Ron DeSantis’ kitchen sink approach to Trump. DeSantis made his big pitch against Trump early, pulling together a number of separate themes: He’s losing his fastball, the party is faring poorly, and he didn’t accomplish enough in office. “Donald Trump’s a lot different guy than he was in 2016,” DeSantis said. “He owes it to you to be on this stage and explain why he should get another chance. He should explain why he didn’t have Mexico pay for the border wall. He should explain why he racked up so much debt. He should explain why he didn’t drain the swamp. And he said Republicans were going to get tired of winning. Well, we saw last night — I’m sick of Republicans losing.” So far, no single arrow has hit its mark, but the implied age attack — an increasing feature of the campaign — notably dovetails with the Biden campaign’s efforts to draw attention to Trump’s weirder comments. Wednesday’s example: Trump mixing up Kim Jong Un with Xi Jinping at his rally and saying there were 1.4 billion people in North Korea (pop. 26 million).

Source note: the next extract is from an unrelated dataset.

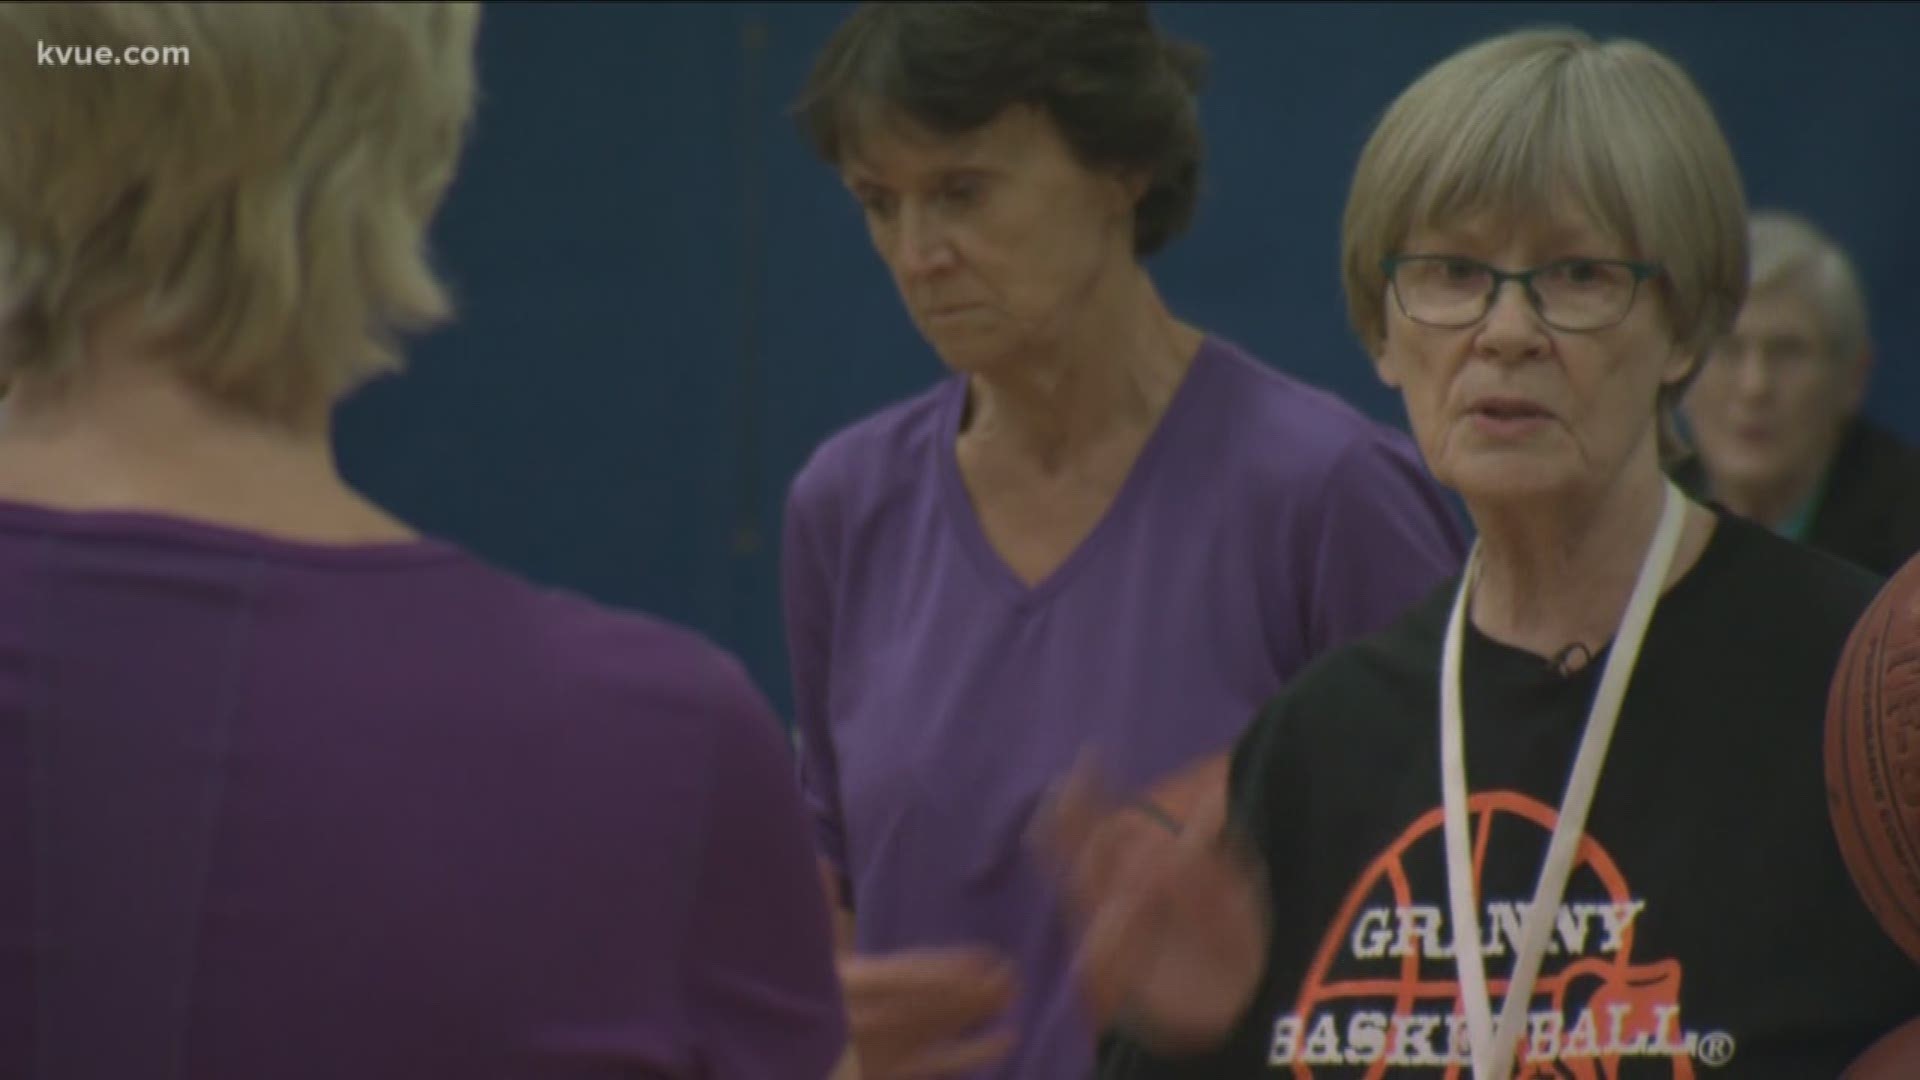 Hank Cavagnaro spoke with the ladies of the new "Granny Basketball" team in Round Rock.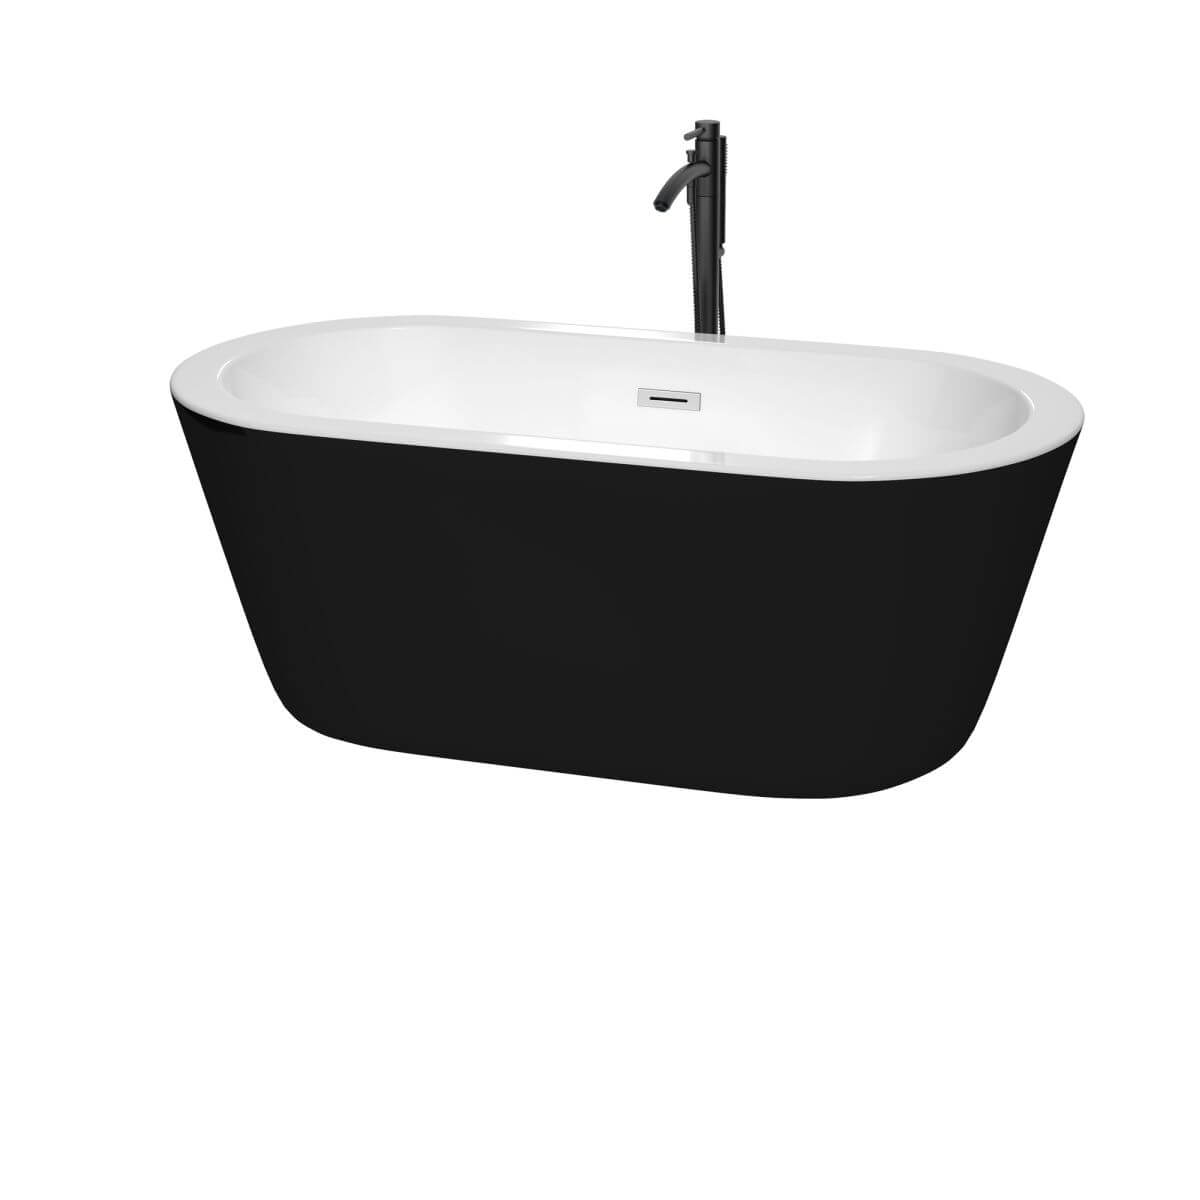 Wyndham Collection Mermaid 60 inch Freestanding Bathtub in Black with White Interior, Polished Chrome Trim and Floor Mounted Faucet in Matte Black - WCOBT100360BKPCATPBK

The field (minus Vivek) agrees on Israel. Responding to the Israel-Gaza war that broke out since the last debate, the field was largely on the same page, telling Israel to fully take out Hamas and to count on their support while they did. “Finish them,” Haley said. ”I would be telling Bibi: Finish the job once and for all with these butchers” DeSantis said, who also boasted how he sent flights to Israel to retrieve Florida residents. The foil for their argument was Ramaswamy, who gently suggested Israelis don’t want to “depend” on the U.S.; that his rivals were too cavalier about getting the U.S. into another war like “the neocon establishment of the past”; and that Haley had too many ties to the military-industrial complex, citing her past position on Boeing’s board. He called her “Dick Cheney in three inch heels” and added the label applied to DeSantis. Ramaswamy also split from the field on how to respond to campus protests against Israel, saying cracking down on student groups they saw as antisemitic — as DeSantis has done in Florida, and others pledged to do — violated free speech principles and invited counter-attacks on conservatives. “We don’t quash this with censorship, because that creates a worse underbelly,” he said. “We quell it through leadership by calling it out.” Scott said that federal funding for schools — as well as student visas — were a “privilege not a right” that could be revoked.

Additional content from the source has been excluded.